Die Erwartungen an die Wettbewerbsfähigkeit des neuen Autos seien groß, nachdem der MP4-20 für eine Ausfallquote von über zehn Prozent sorgte. "Unsere Aufgabe ist jetzt, bei sechs weiteren Tests nach Barcelona und insgesamt über 20 Testtagen, die wir größtenteils mit zwei MP4-21 bestreiten werden, das Auto so für Bahrain vorzubereiten, daß wir an die Leistungen des letzten Jahres anknüpfen können", ergänzte Haug weniger als zwei Monate vor dem mit Spannung erwarteten Auftakt im Wüstenstaat am 12. März.

6500 Kilometer sind schon abgespult

Ein zweites Chassis soll vom 13. Februar an bei den Testrunden in Valencia zum Einsatz kommen. Das Zusammenspiel der Michelin-Reifen mit dem Wagen wurde bereits seit Dezember auf die Probe gestellt – in der neuen Saison dürfen die Reifen wieder gewechselt werden. Auch wenn sich das Konzept des MP4-21 am Vorgängermodell orientiert, mit dem der britisch-schwäbische Rennstall zehn Rennen in der vergangenen Saison gewann, aber auf Grund seiner Unzuverlässigkeit auch den WM-Titel im Kampf gegen Fernando Alonso (Spanien) und Renault verlor, handelt es sich um ein komplett neues Auto.

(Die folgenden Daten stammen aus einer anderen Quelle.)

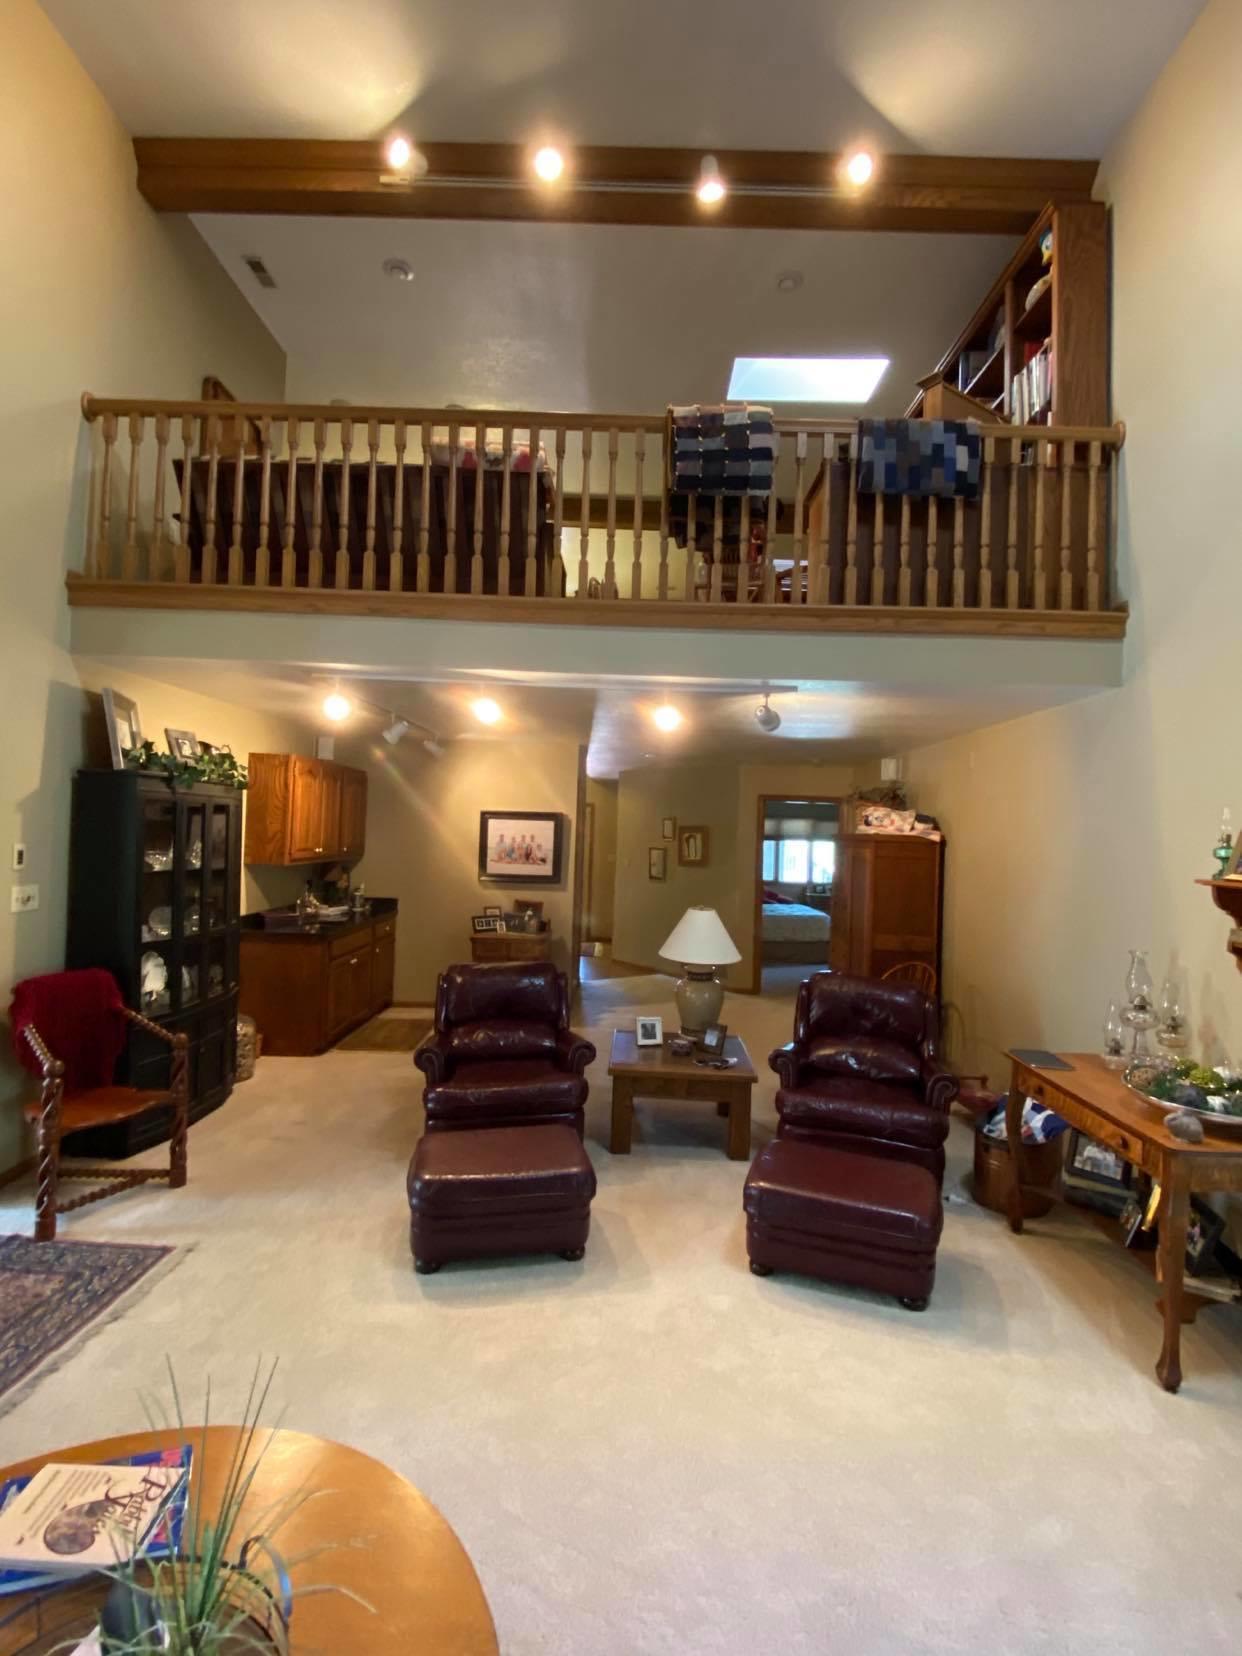 701 WINDSOR Avenue, Maryville, Missouri 64468, 4 Bedrooms Bedrooms, ,2.5 BathroomsBathrooms,Residential,WINDSOR,4800

Deutlich wird dies insbesondere im Heckbereich. Im Inneren steckt der V8-Motor FO 108S V8, 95 kg schwer. Seine Leistung dürfte wie bei der Konkurrenz zwischen 720 und 750 PS liegen. Die Nase des neuen Renners fällt stark nach unten ab. Die gedämpfte Anschubkraft in Kombination mit der weiteren "Beschneidung" der Aerodynamik bezeichnete Haug als "die Quadratur des Kreises". 6500 Testkilometer hat der neue Motor bereits auf der Rennstrecke hinter sich, "mehr als doppelt so viele auf den Prüfständen in Brixworth und Stuttgart", meinte Haug. Der Motor war das erste Mal am 13. September in Silverstone auf einem Kurs getestet worden.

Das Heck des Boliden, mit dem McLaren-Mercedes nach dem Triumph von Mika Häkkinen (Finnland) 1999 endlich wieder aufs oberste Treppchen will, ist ebenso wie bei den bereits offiziell vorgestellen Toyota TF106 und BMW-Sauber F1 2006 noch schmaler, der Renner insgesamt taillierter. Geblieben sind vorerst allerdings die markanten Stier-Hörner und der geschwungene Frontflügel. Bis zum Saisonbeginn sollen weitere Entwicklungsstufen realisiert werden. Ein "gutes Gefühl" hatte de la Rosa bereits nach ein paar Runden. "Aber natürlich ist es noch zu früh, um das ganze Potential des Autos zu erkennen."